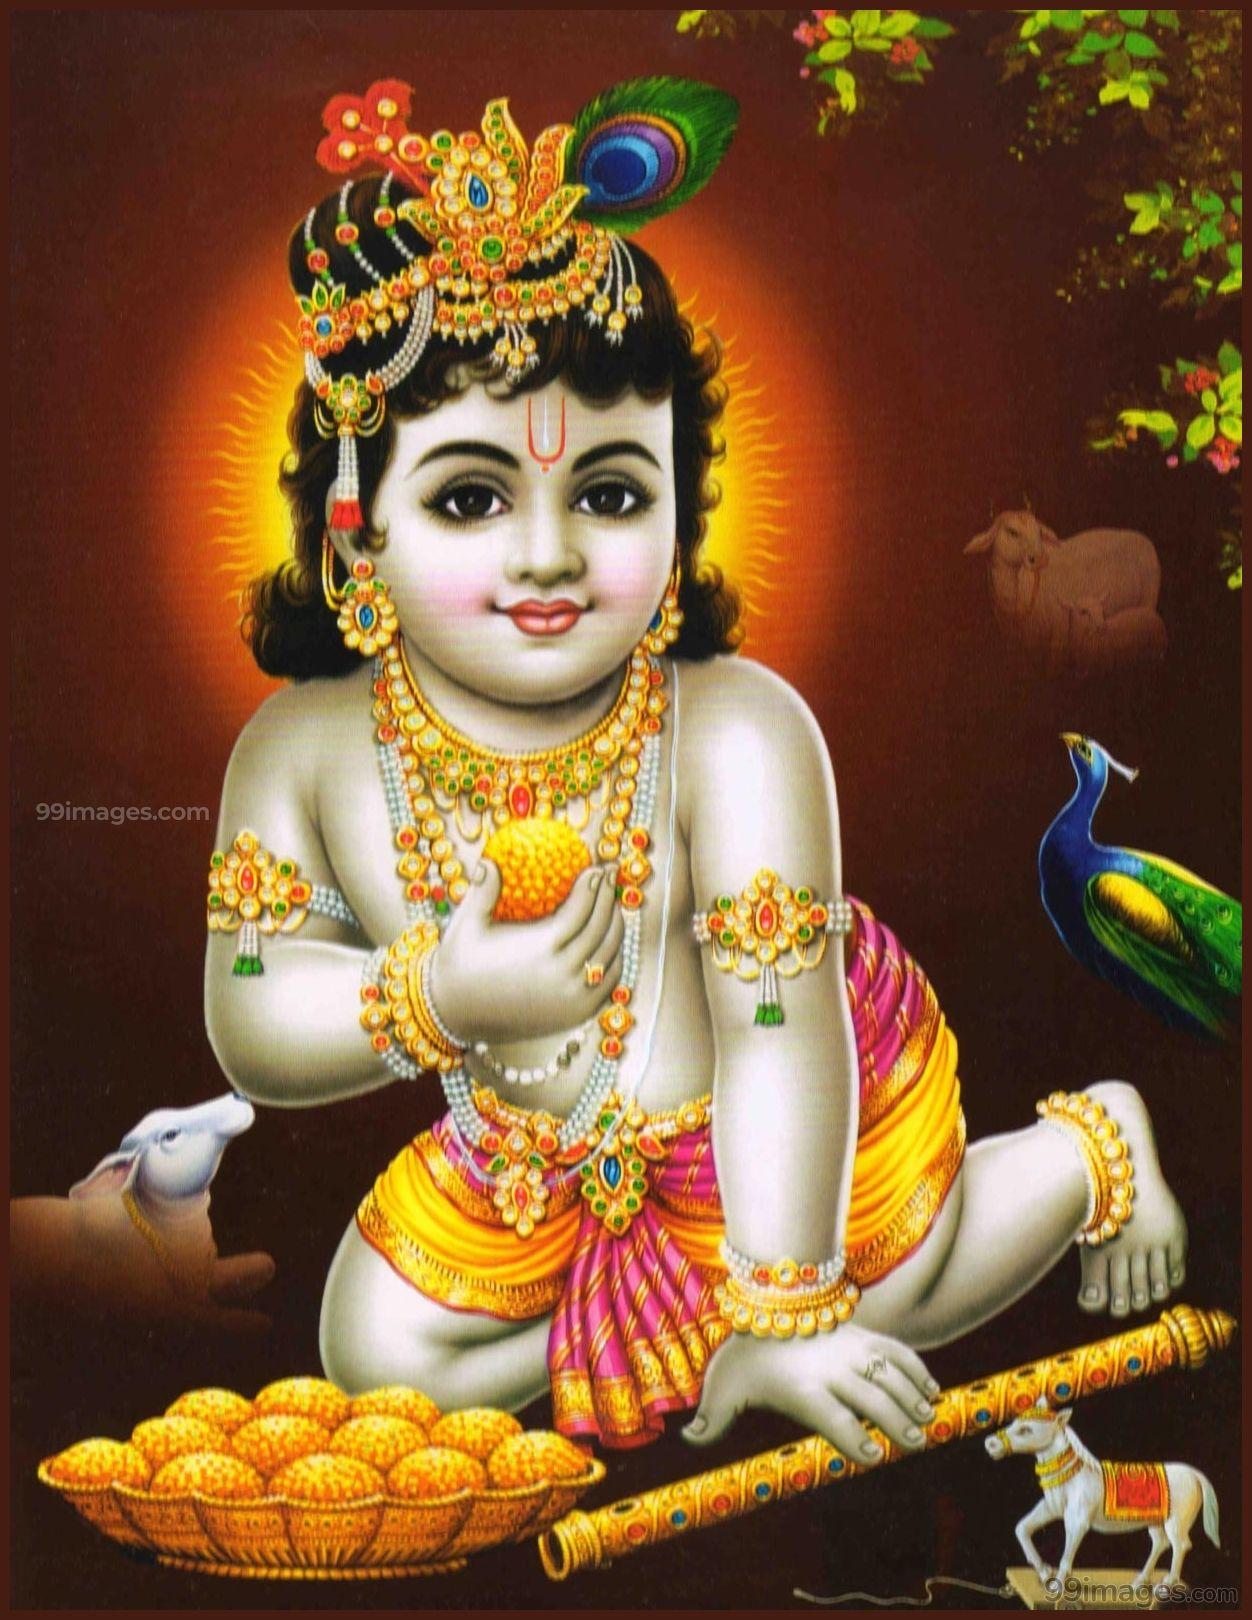 Best Lord Kannan Hd Images 13523 Lordkannan Hindu God Littlekrishna Krishna Wallpaper Lord Krishna Images Krishna Photos
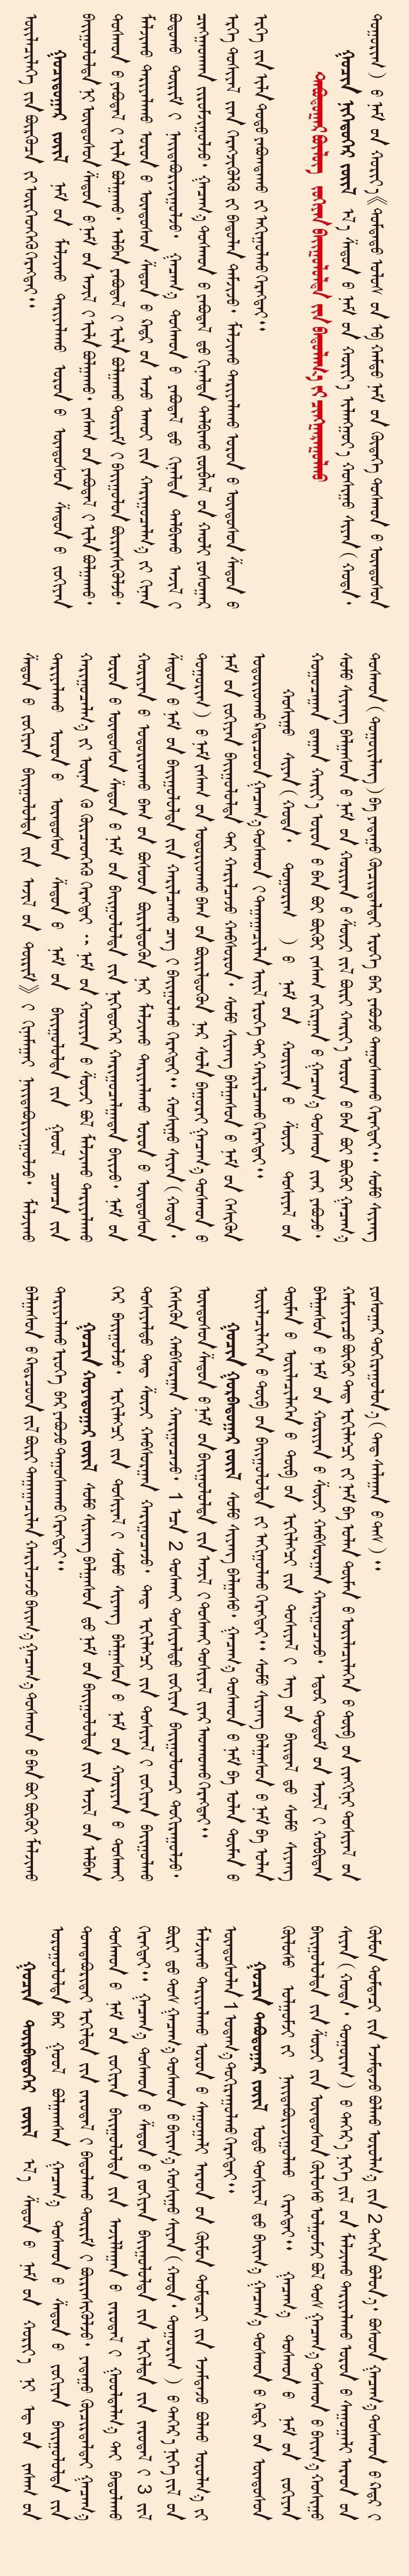 内蒙古自治区党委贯彻《中国共产党农村基层组织工作条例》实施办法 第7张
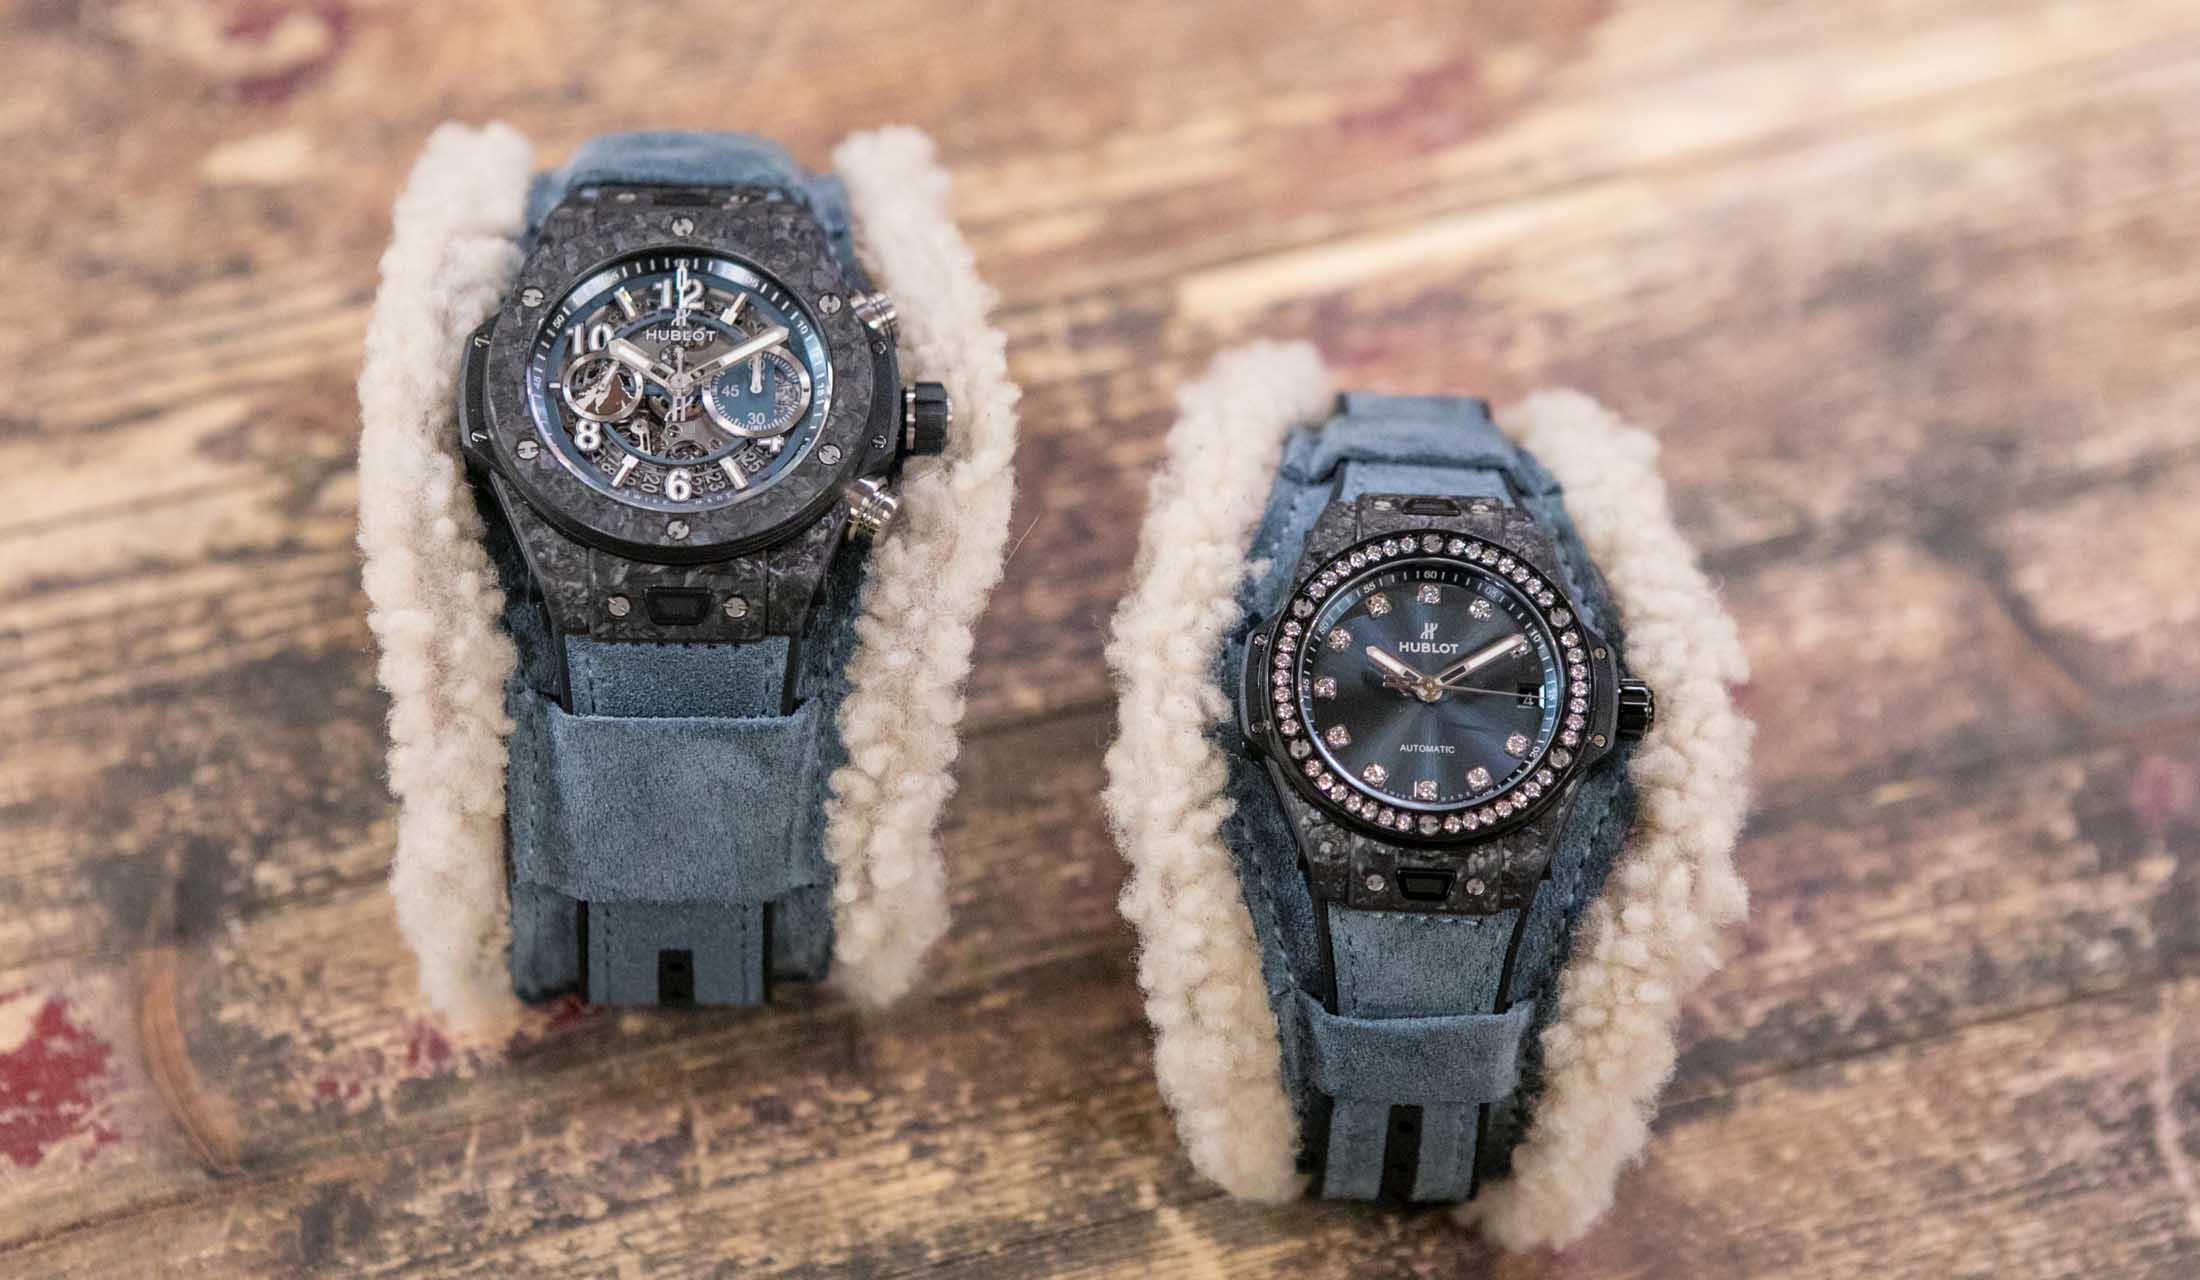 アイコニックなモデルとして愛され続けているウブロの腕時計「ビッグ・バン アルプス」

******

Problem details: Write out verbatim the lines from the one containing "内蒙古自治区党委贯彻《中国共产党农村基层组织工作条例》实施办法 第7张" through the last line of the listing above, and no other lines; omit pictures.

Written response:
 内蒙古自治区党委贯彻《中国共产党农村基层组织工作条例》实施办法 第7张
 アイコニックなモデルとして愛され続けているウブロの腕時計「ビッグ・バン アルプス」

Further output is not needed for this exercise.